What is being asked:
Every line of the listing below should come back exactly as written, with no images.
START Extracted entries
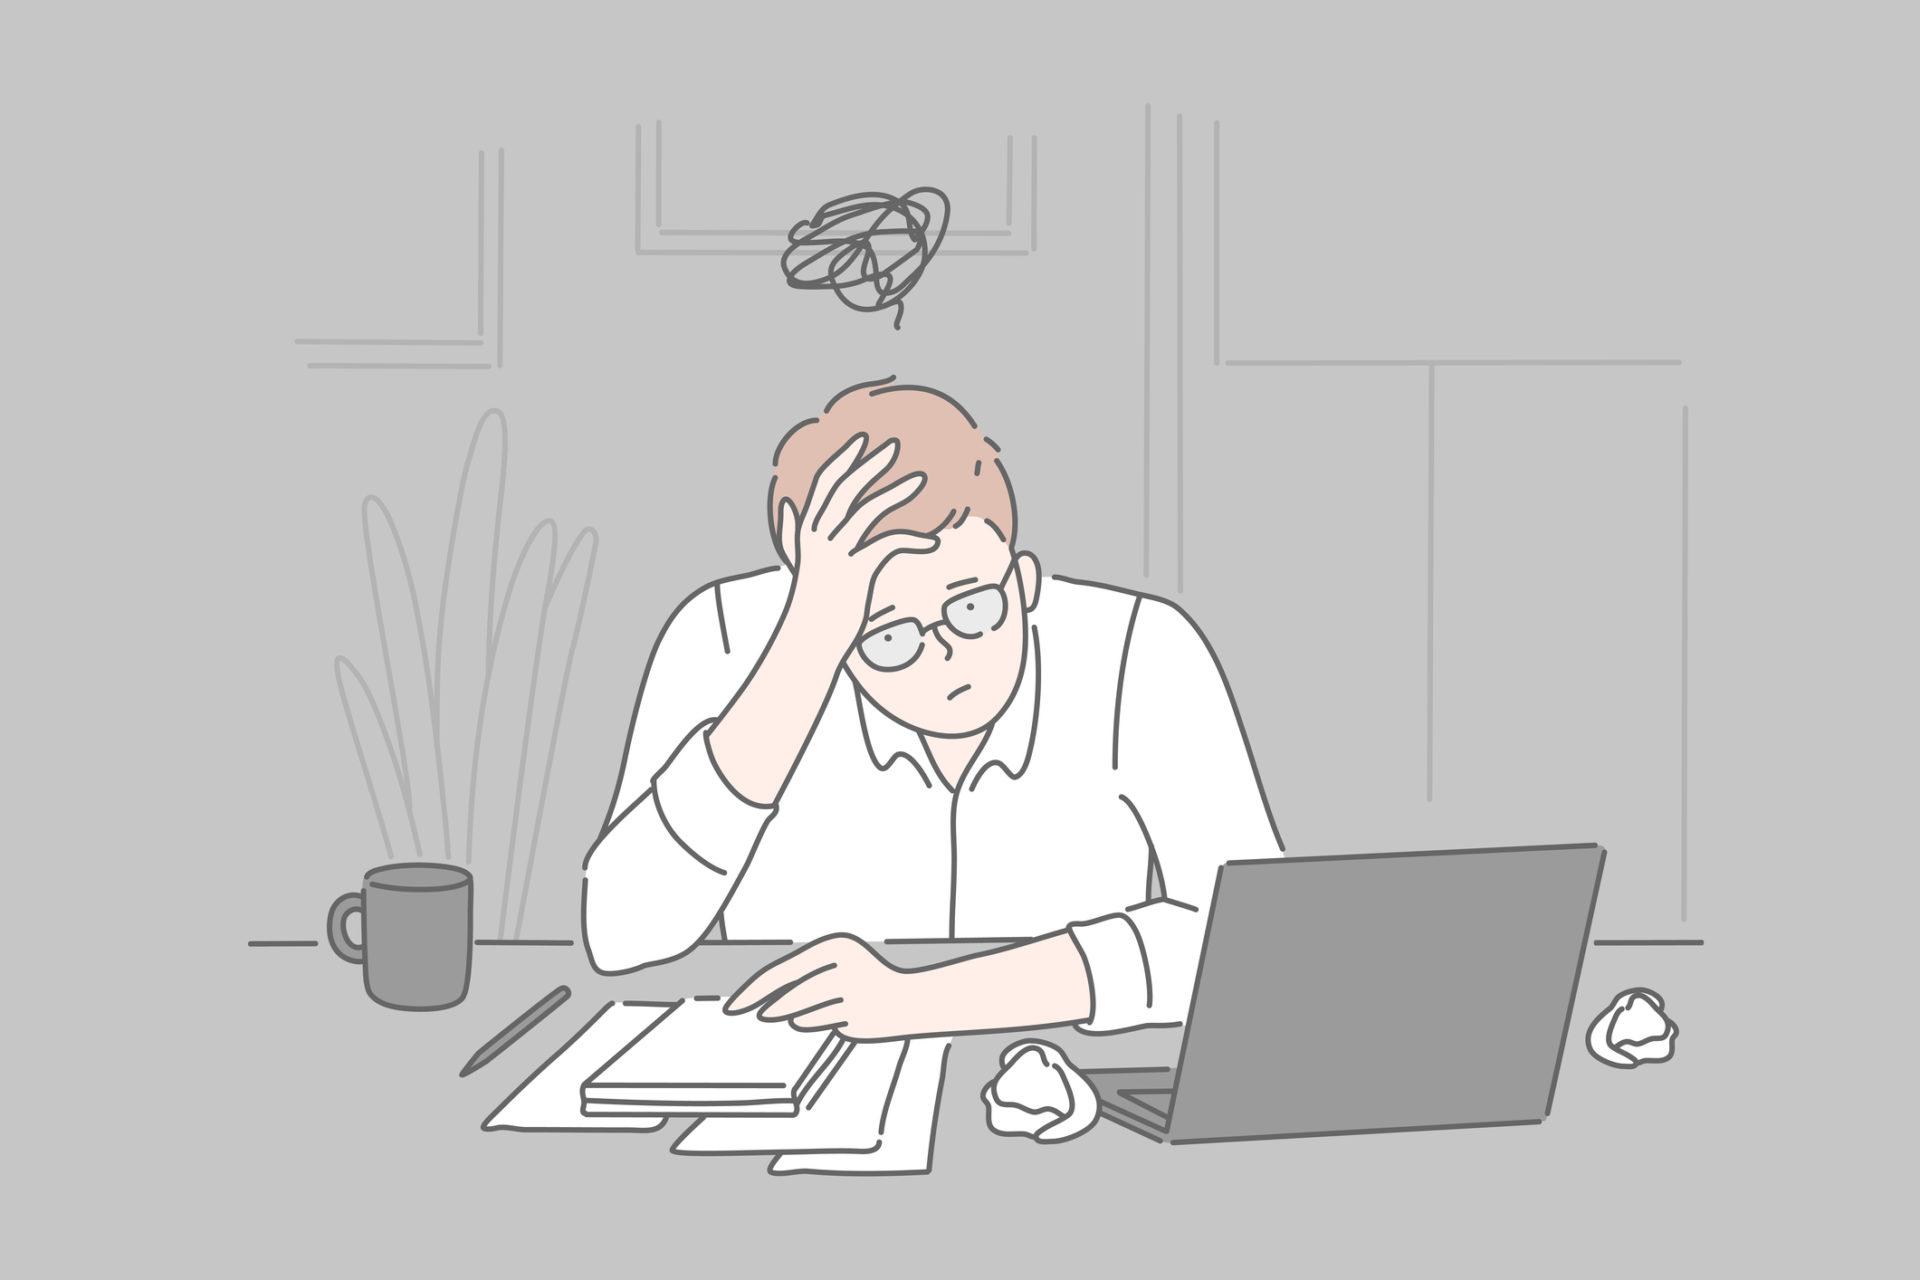 Bankruptcy, burnout, collapse concept.
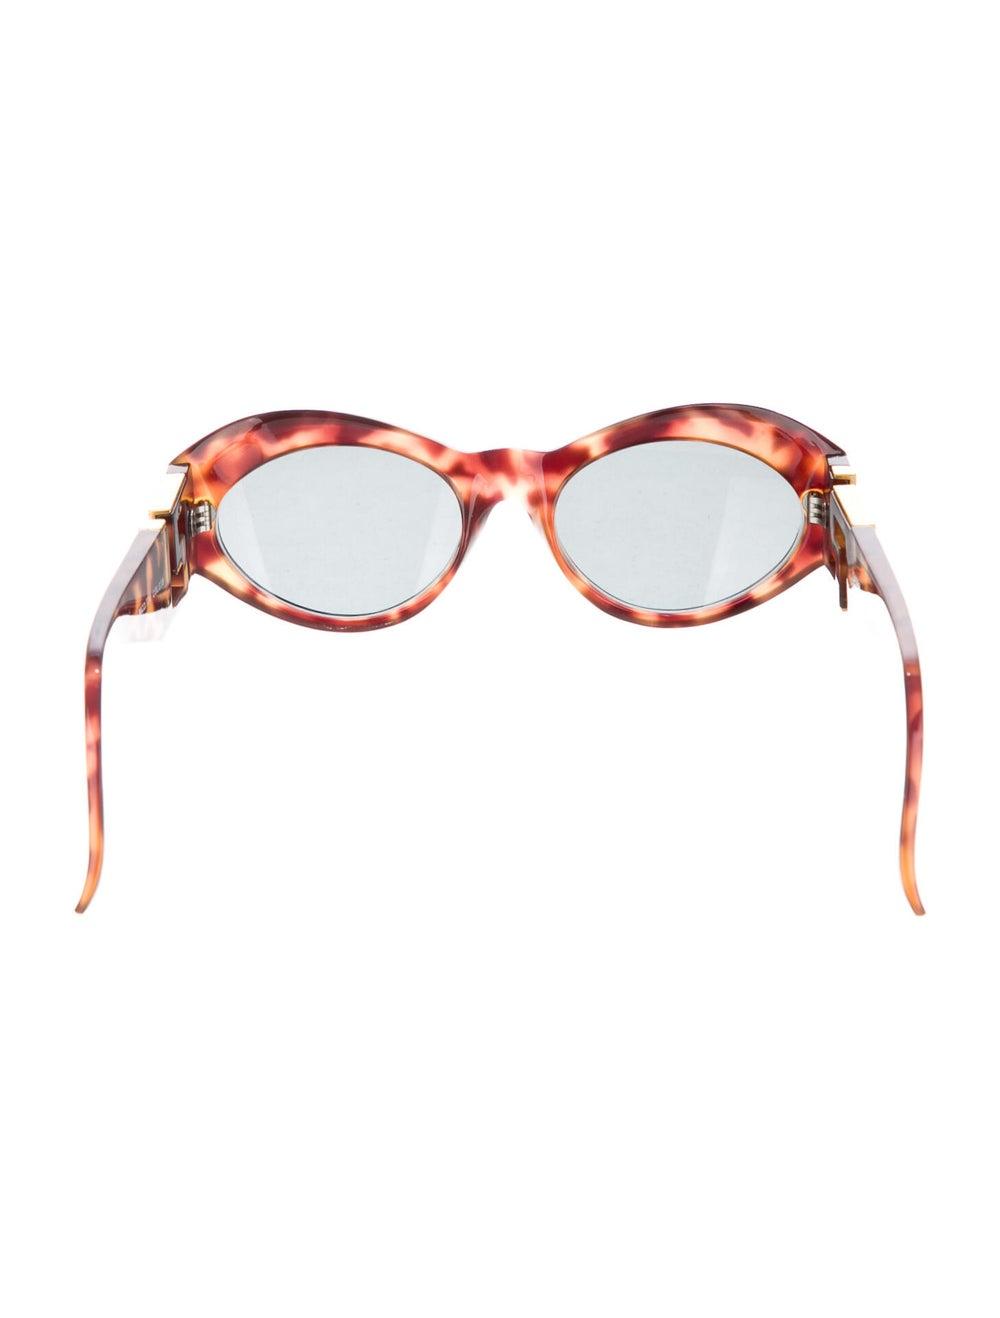 Gianni Versace Round Mirrored Sunglasses Brown - image 3
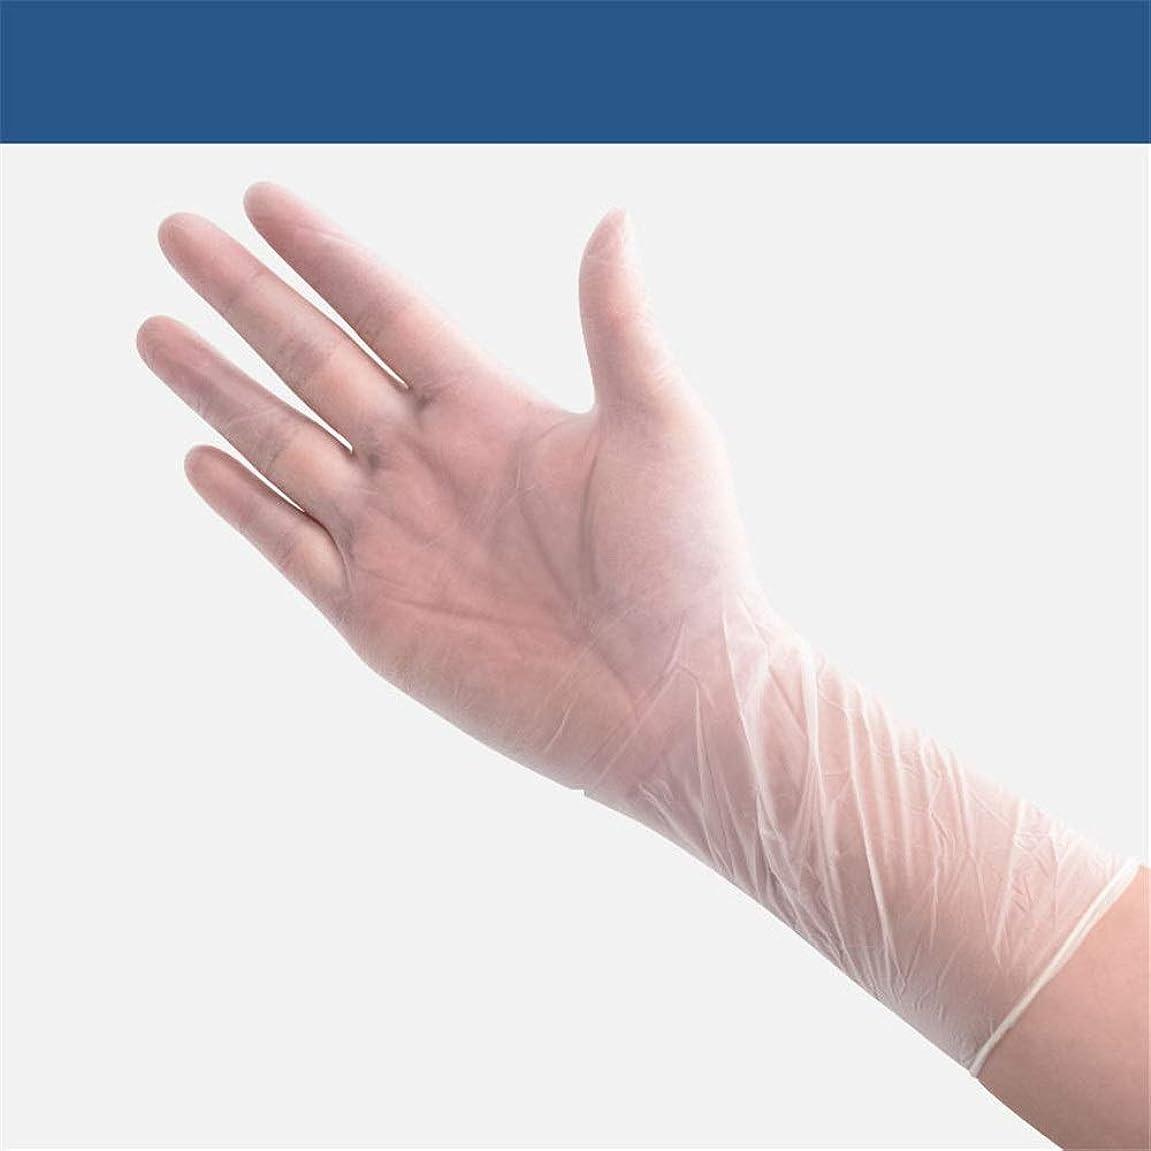 怒る認識認識BTXXYJP キッチン用手袋 手袋 作業 食器洗い 炊事 掃除 園芸 洗車 防水 手袋 (100 Packs) (Color : Pvc 100pcs, Size : M)
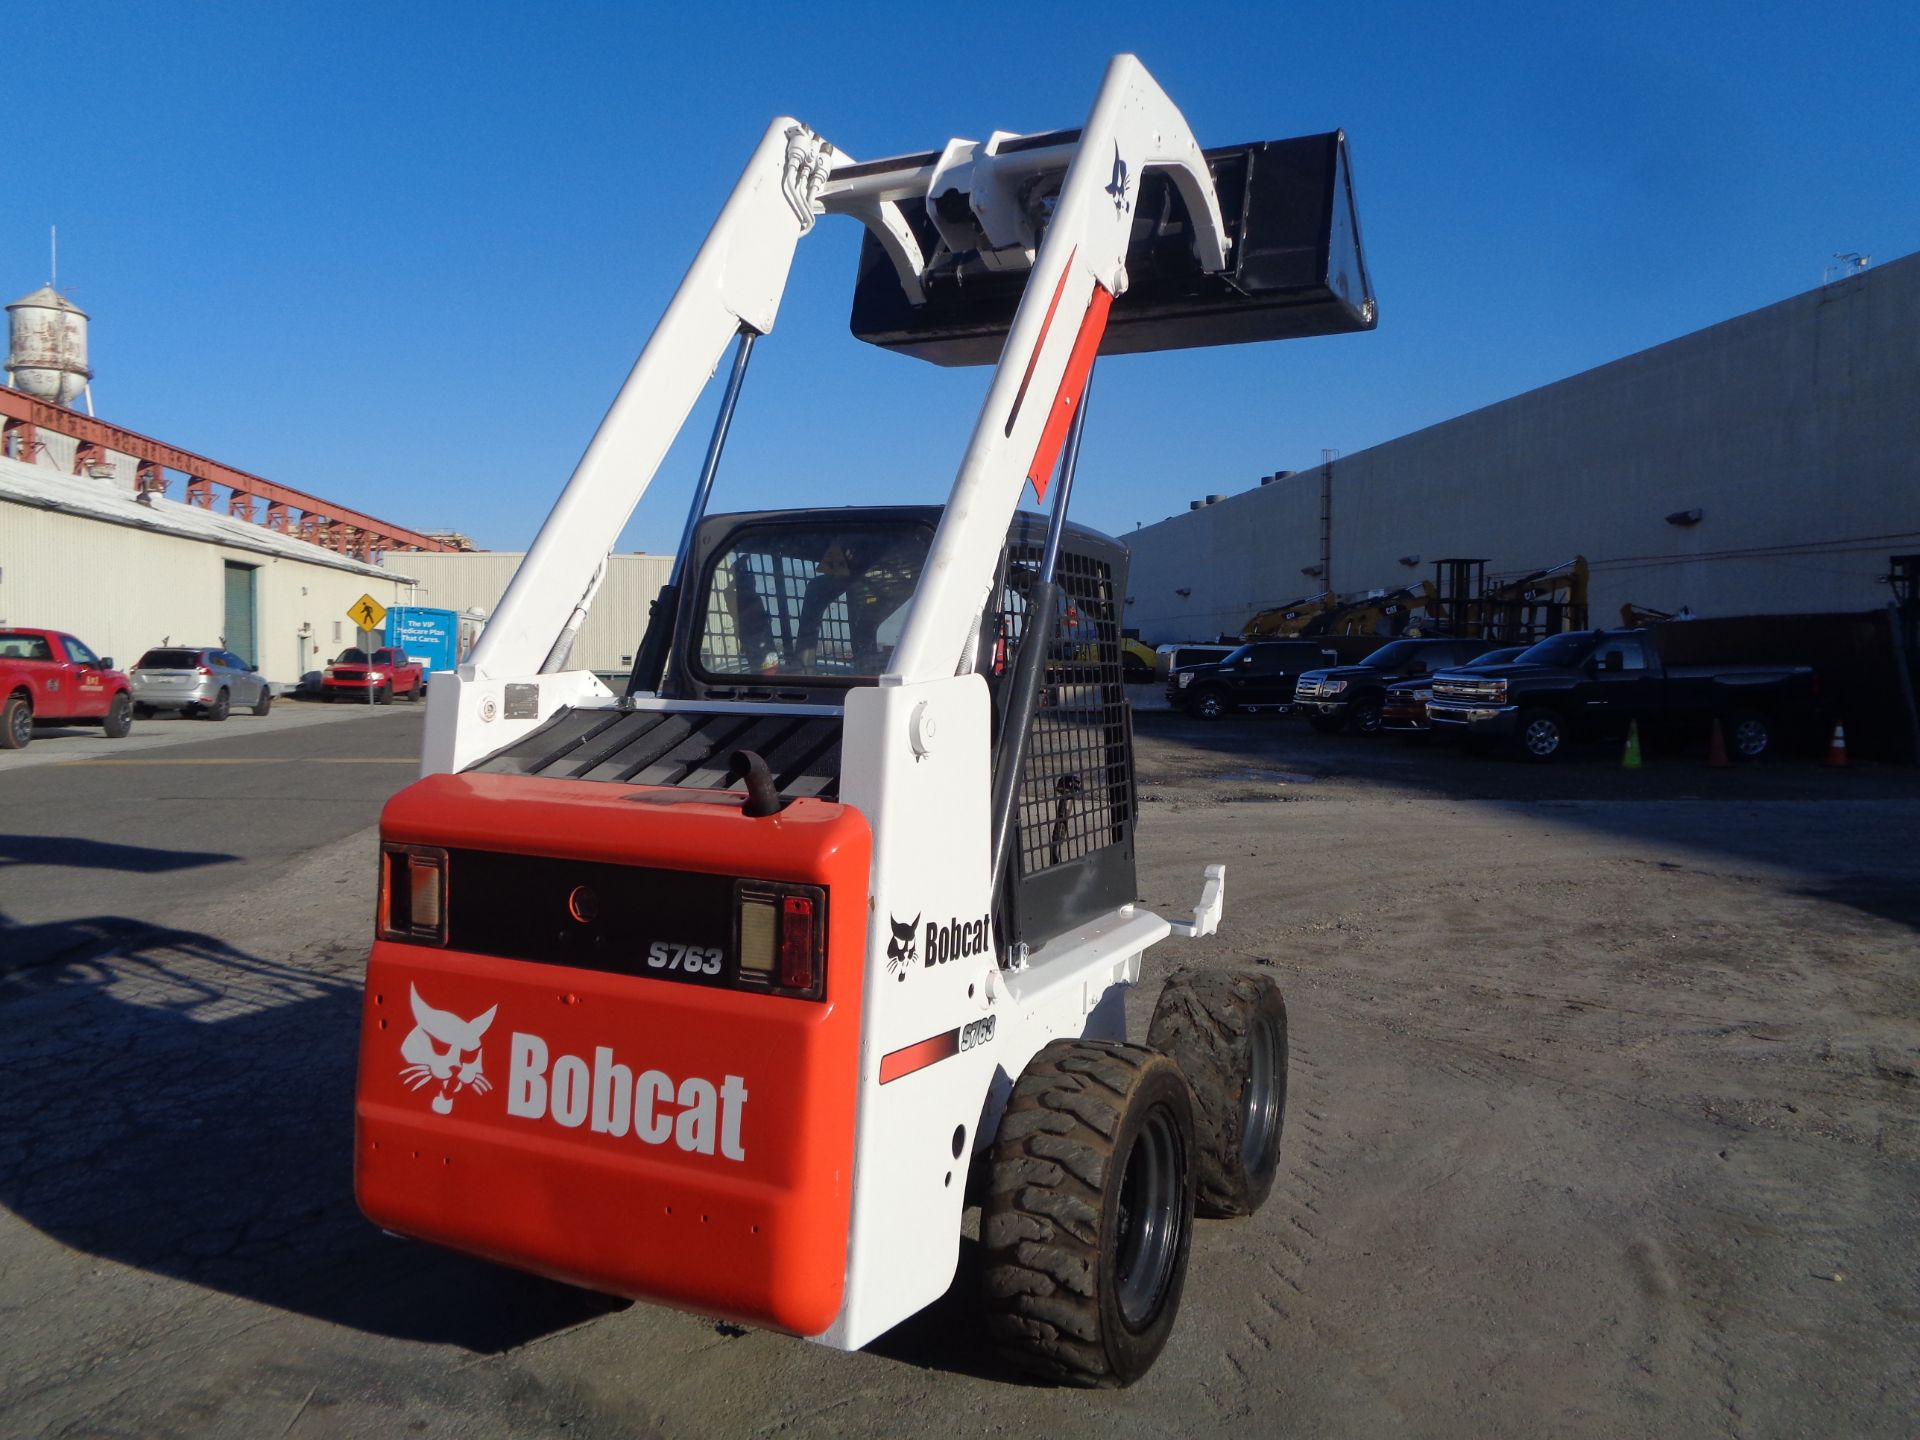 Lot 42 - Bobcat 763 Skid Steer
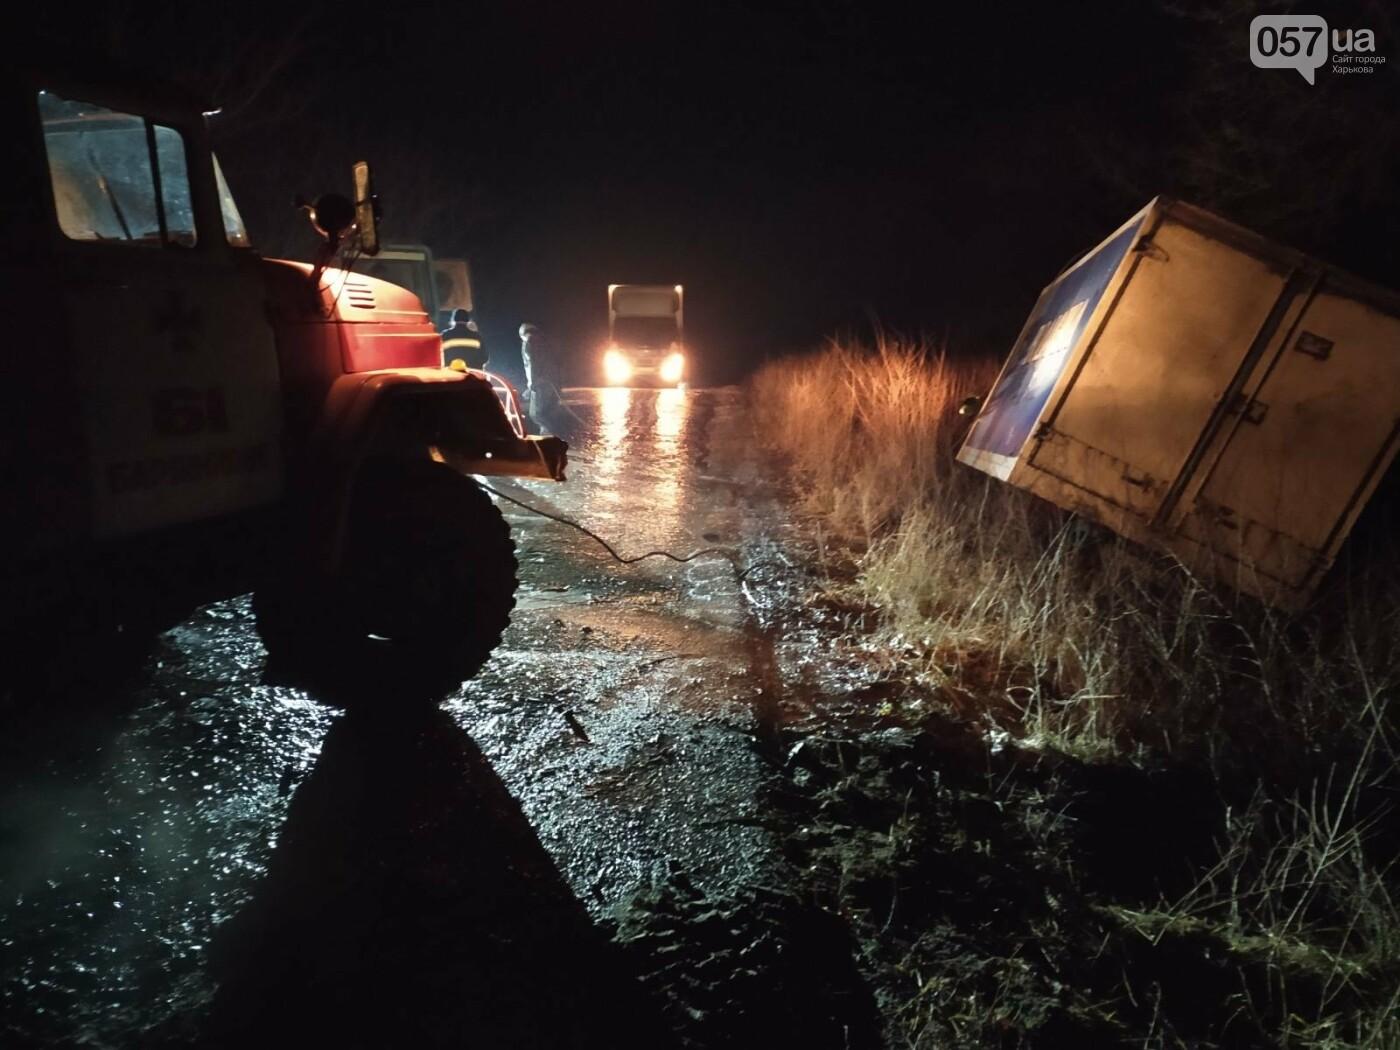 В Харьковской области из-за непогоды грузовик «слетел» в кювет: машину вытаскивали спасатели, - ФОТО, фото-1
END Extracted entries
Answer area:
 Bankruptcy, burnout, collapse concept.
 Gianni Versace Round Mirrored Sunglasses Brown - image 3
 怒る認識認識BTXXYJP キッチン用手袋 手袋 作業 食器洗い 炊事 掃除 園芸 洗車 防水 手袋 (100 Packs) (Color : Pvc 100pcs, Size : M)
 Lot 42 - Bobcat 763 Skid Steer
 В Харьковской области из-за непогоды грузовик «слетел» в кювет: машину вытаскивали спасатели, - ФОТО, фото-1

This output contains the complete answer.